**WHAT IS BEING ASKED:** Write out the data exactly, please, and omit the pictures.

**STORED DATA:**
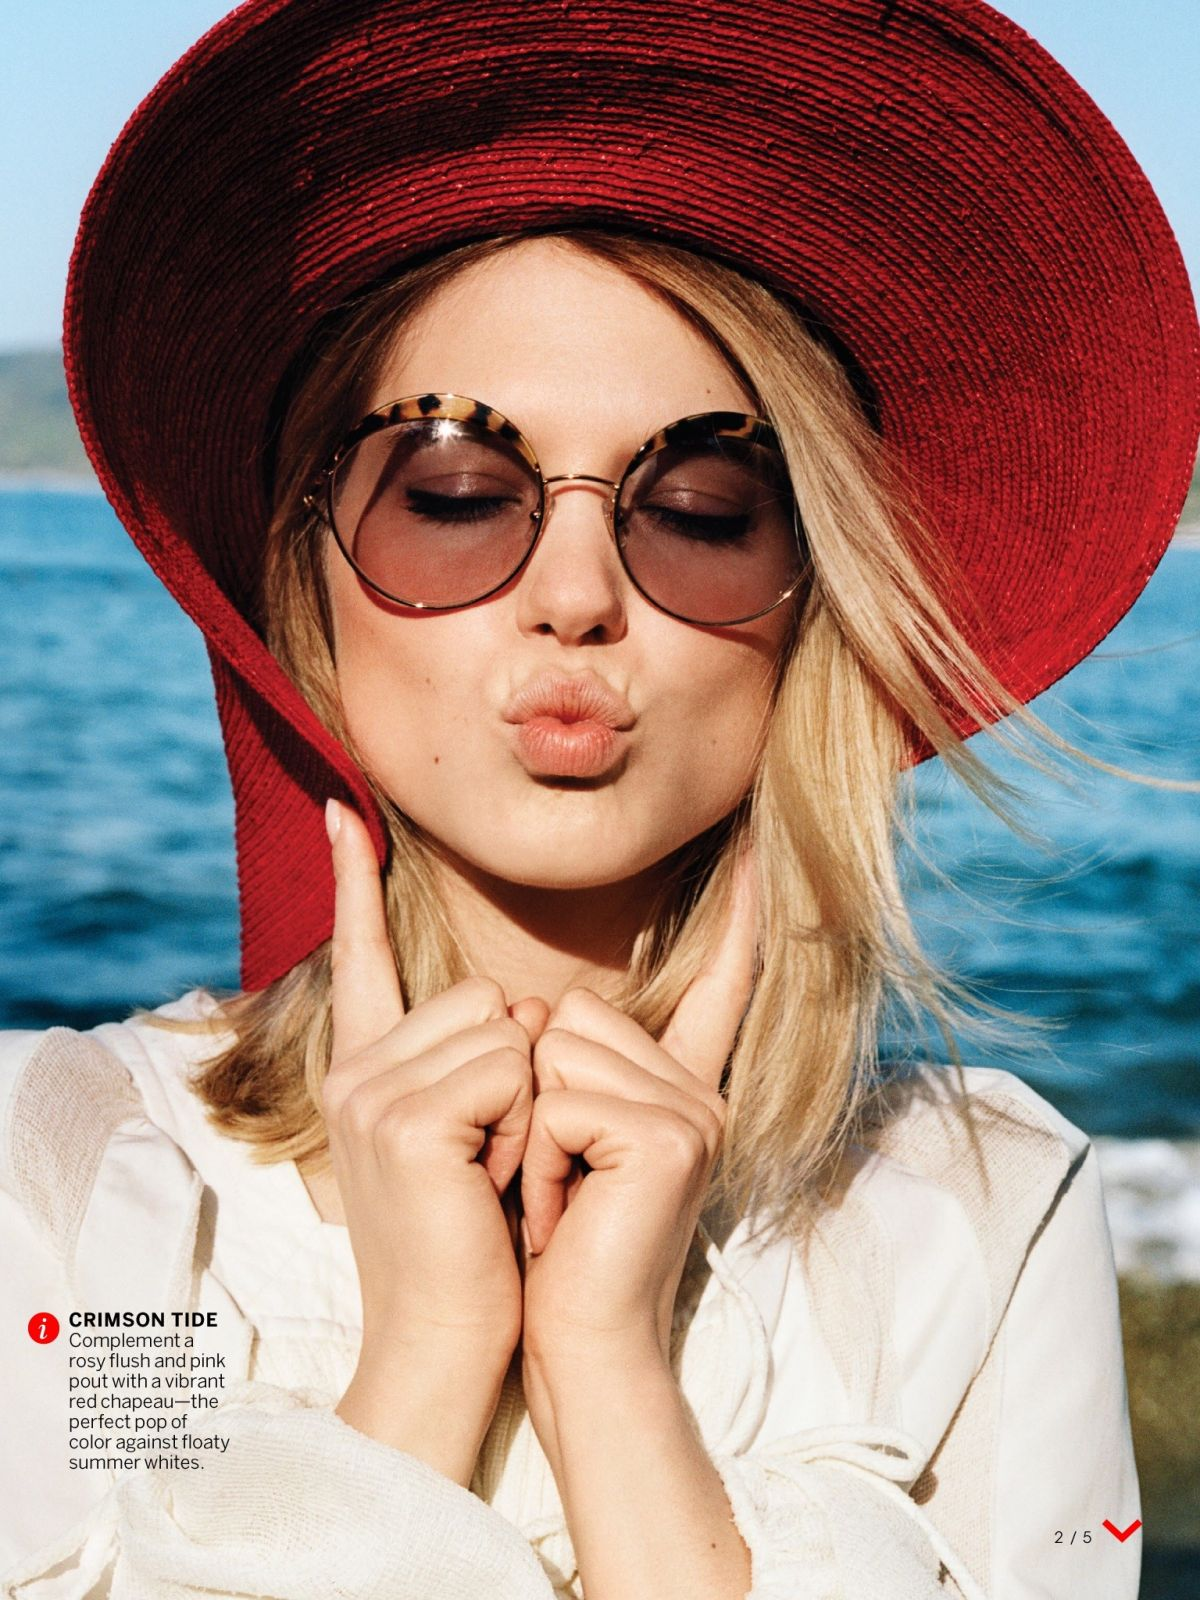 LEA SEYDOUX in Vogue Magazine, June 2015 Issue
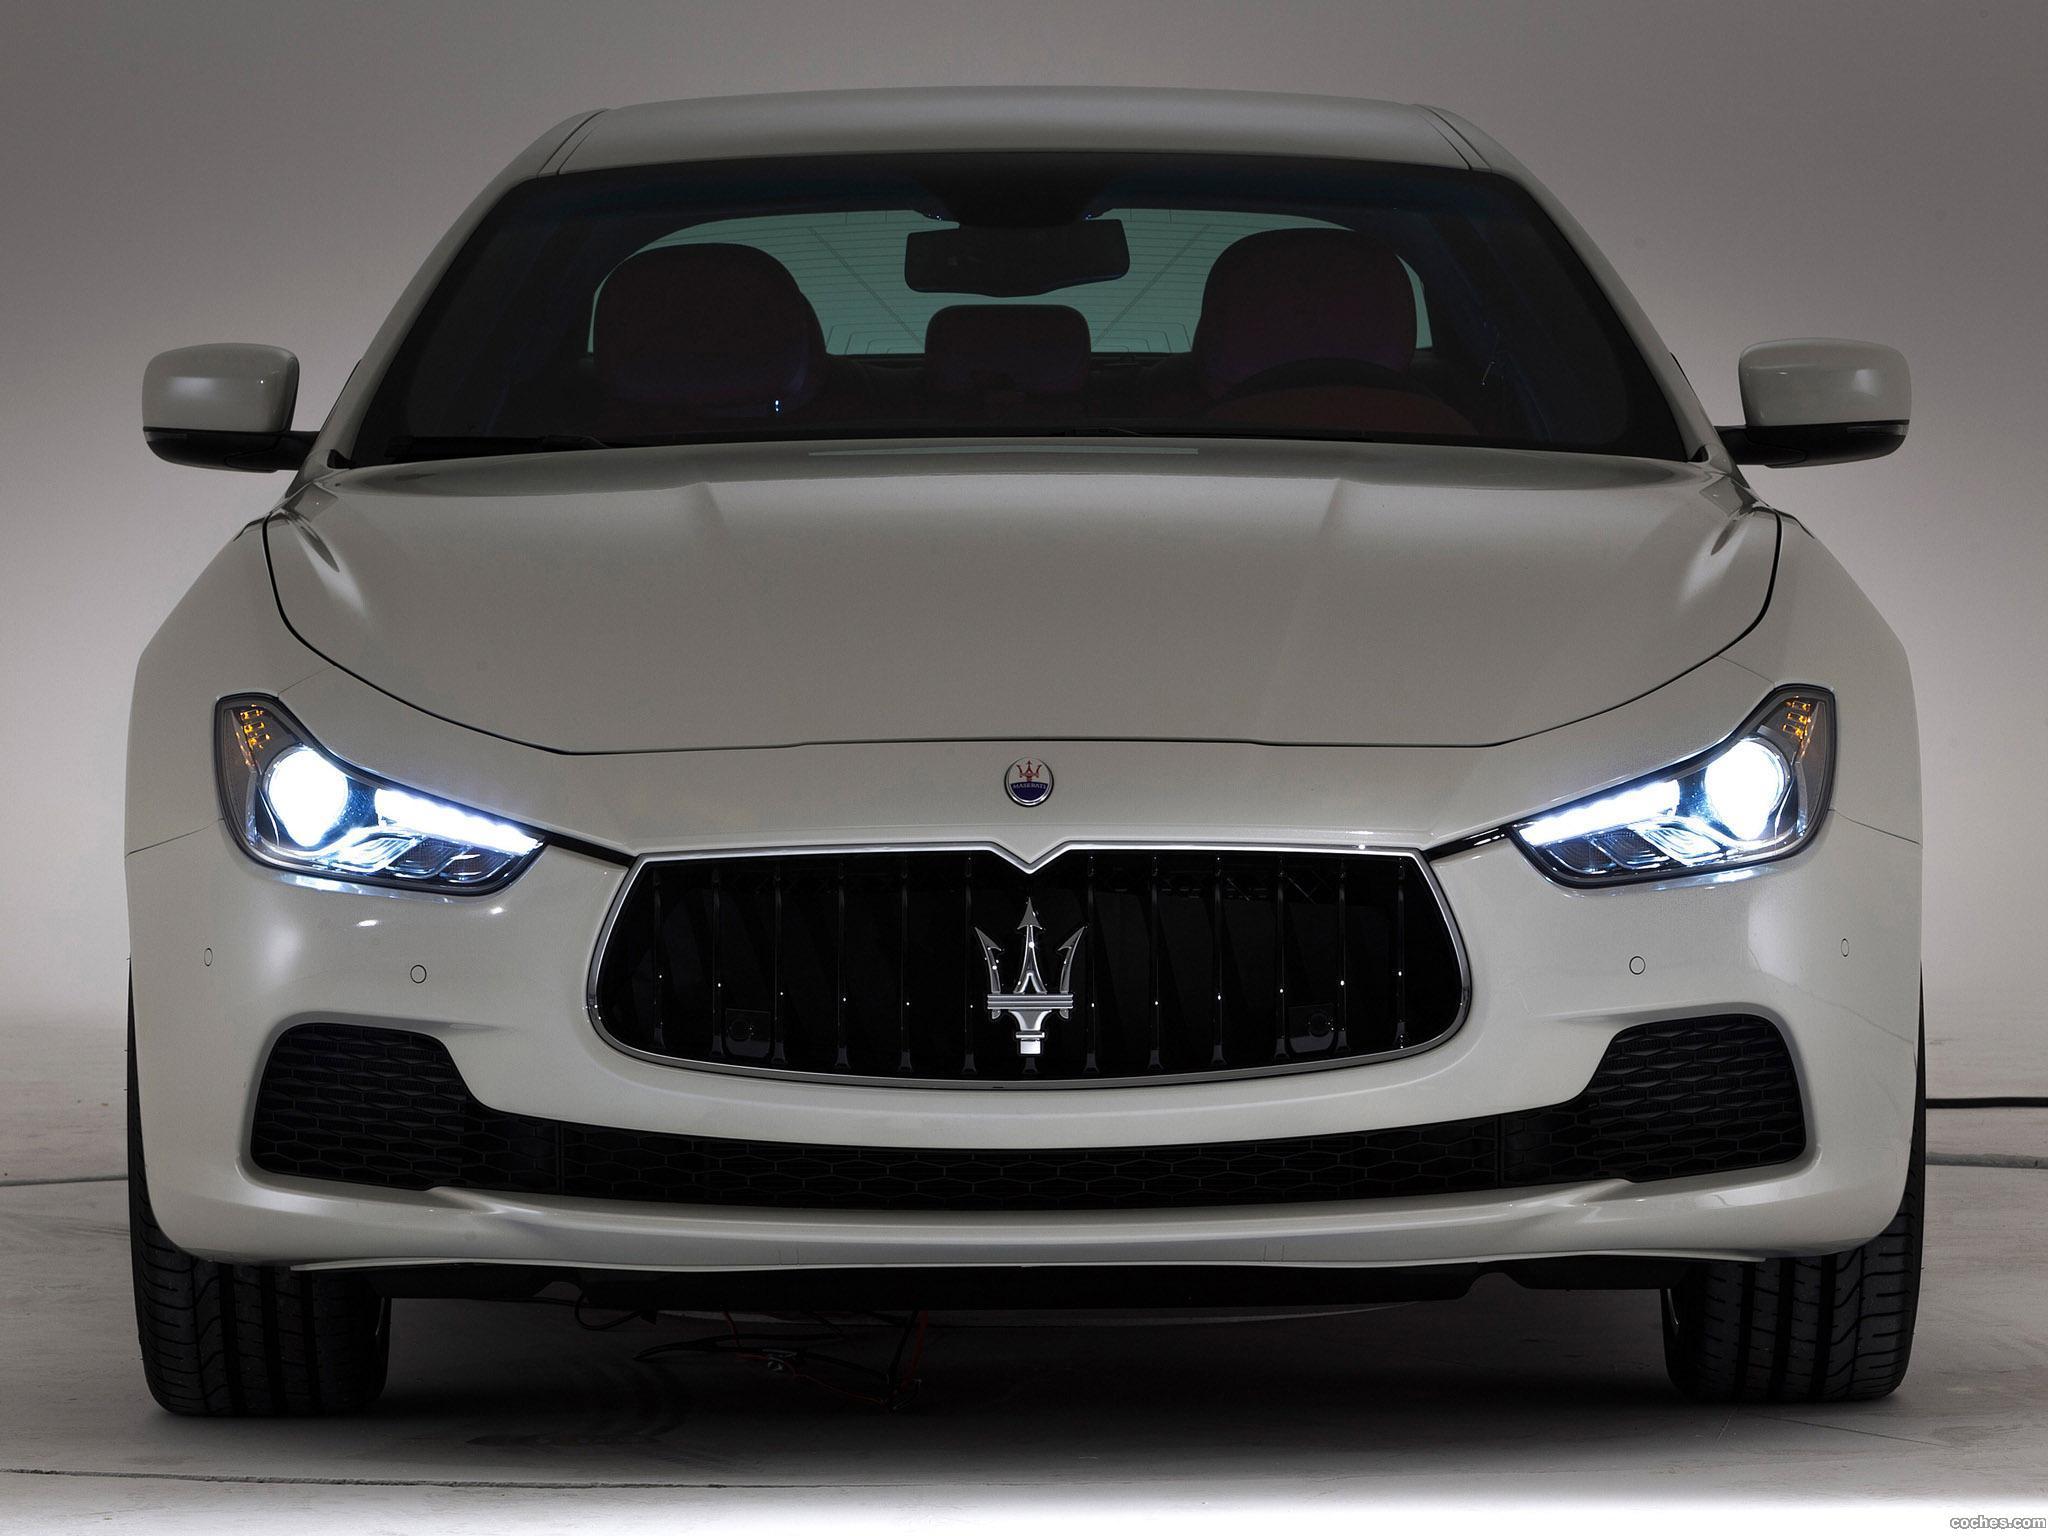 Maserati Ghibli 15 Cool Car Hd Wallpaper
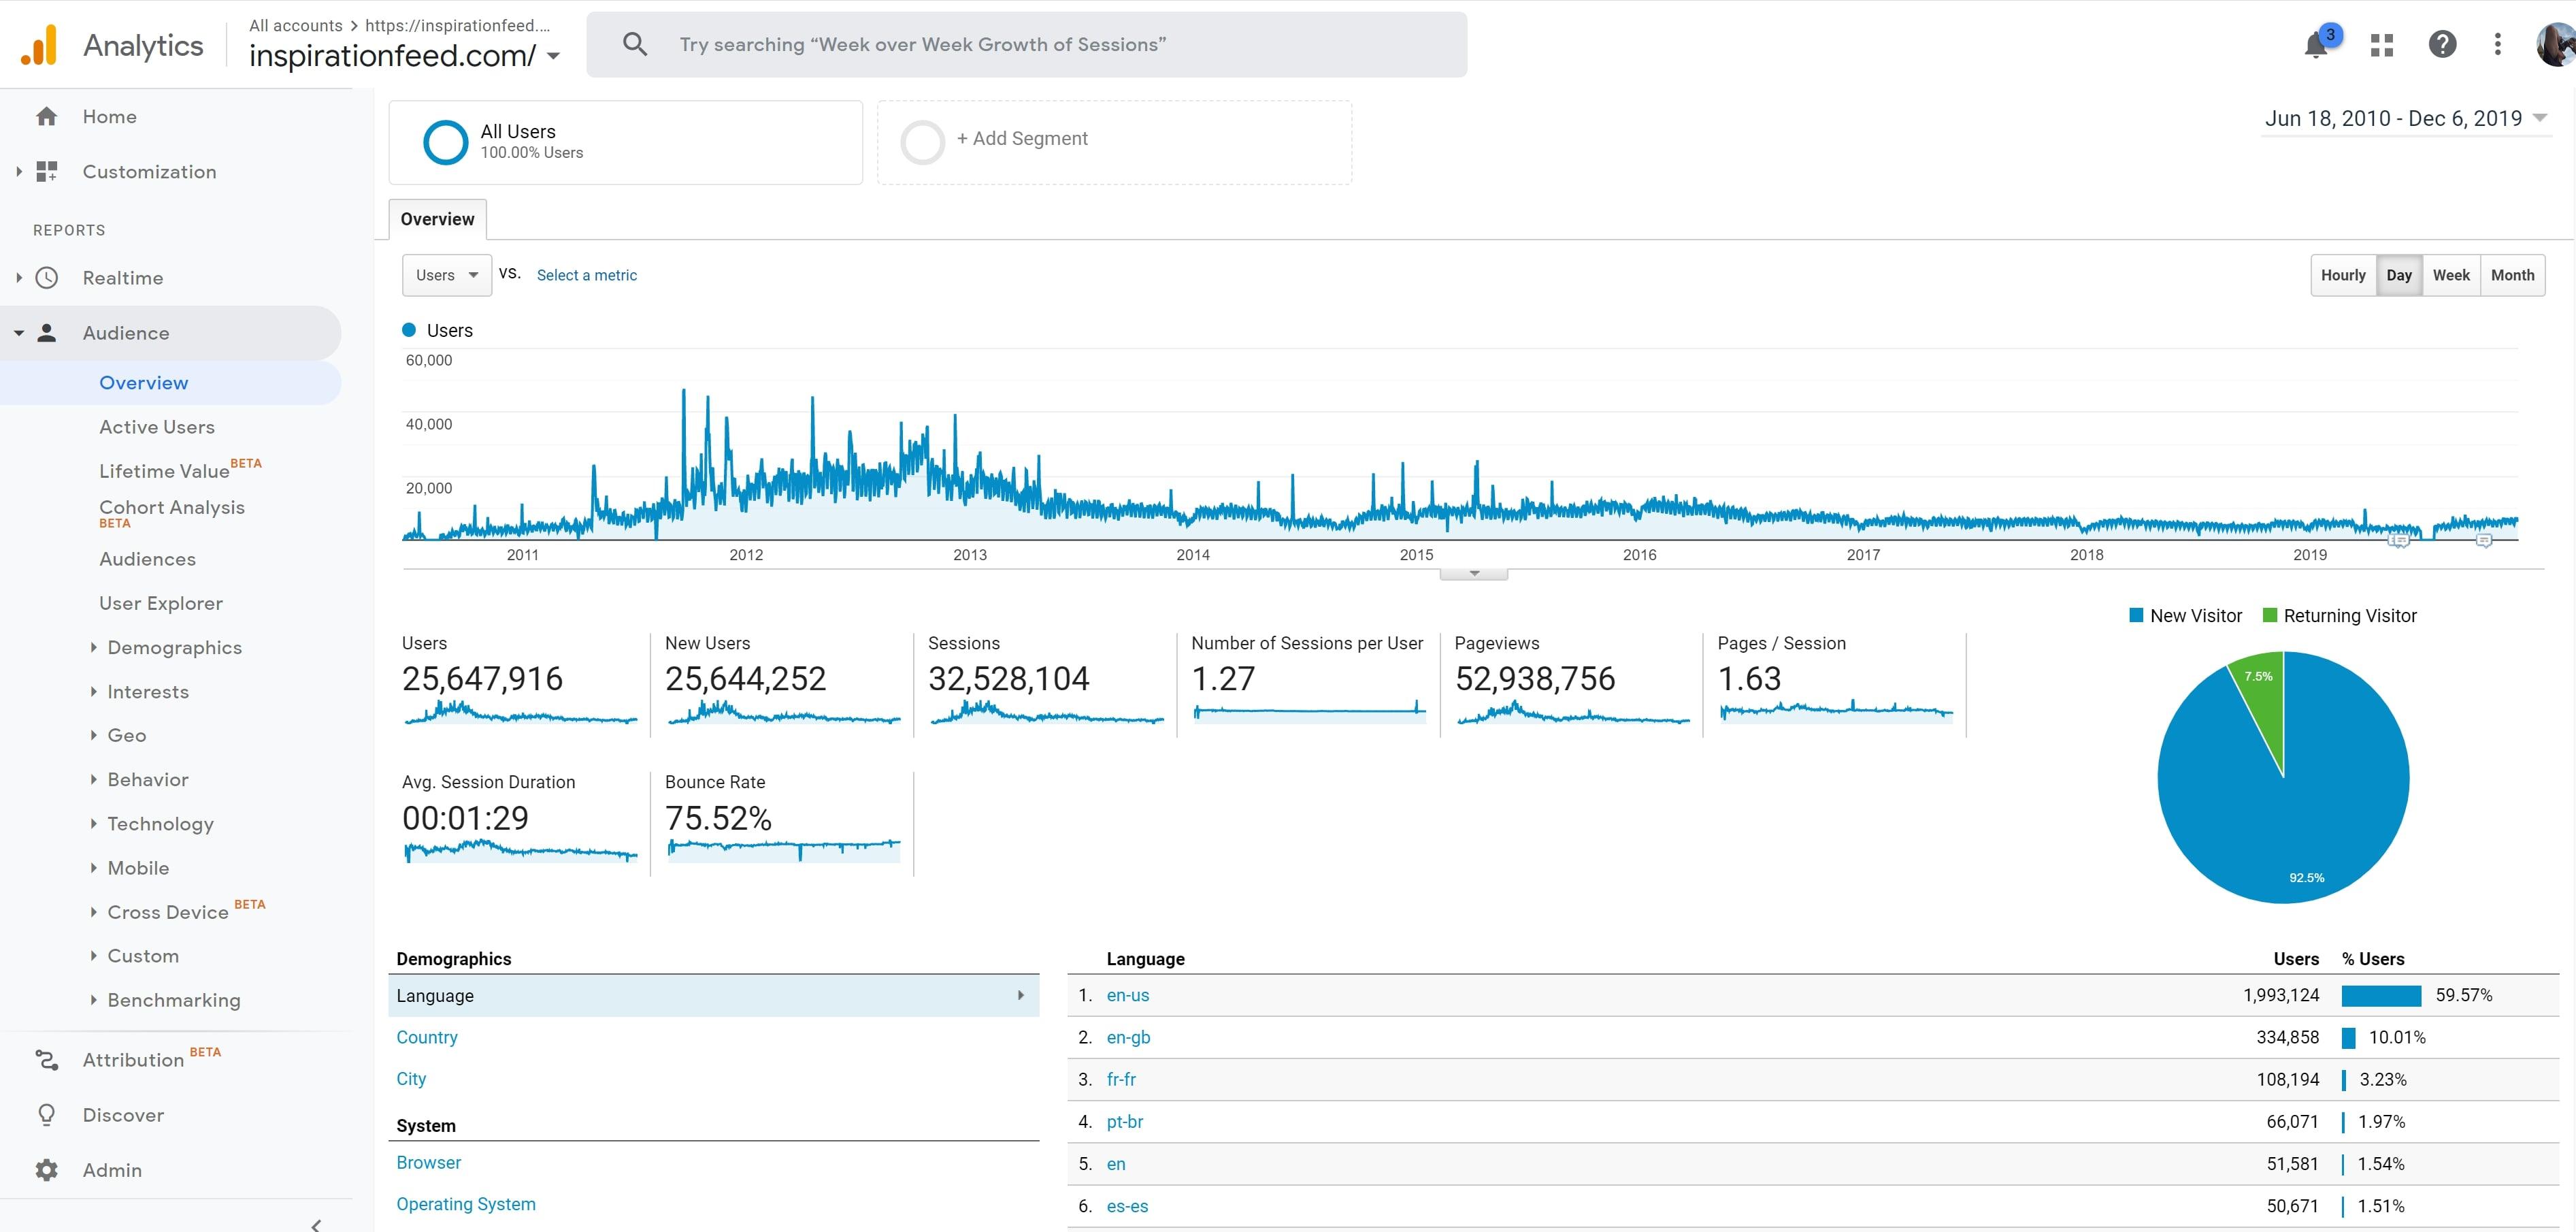 Google Analytics From 2010-2019
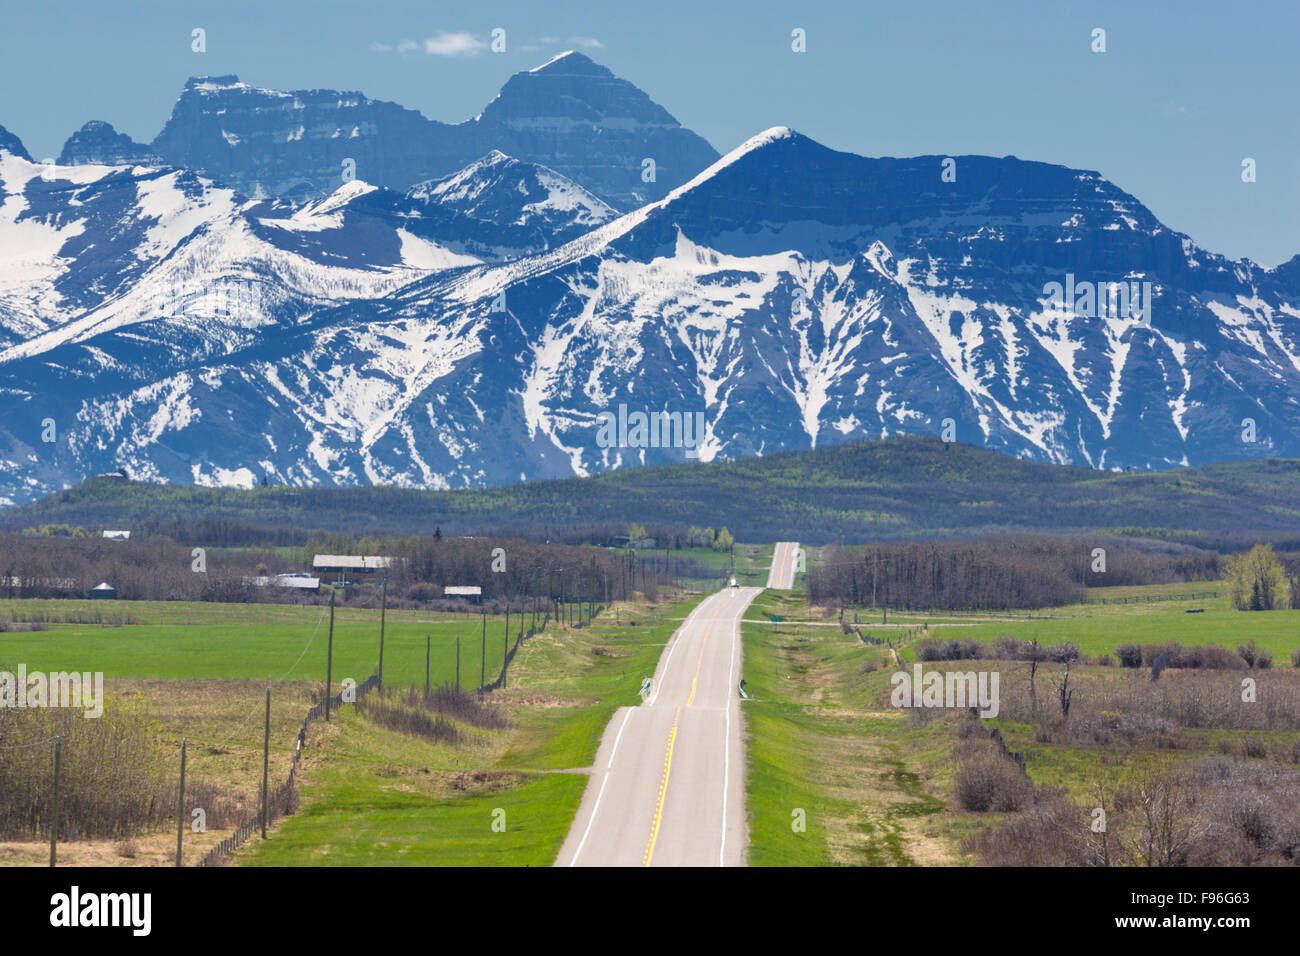 Highway, Twin Butte, Alberta, Canada - Stock Image

**ANSWER BOX:**
 LEA SEYDOUX in Vogue Magazine, June 2015 Issue
 Maserati Ghibli 15 Cool Car Hd Wallpaper
 Google Analytics From 2010-2019
 Highway, Twin Butte, Alberta, Canada - Stock Image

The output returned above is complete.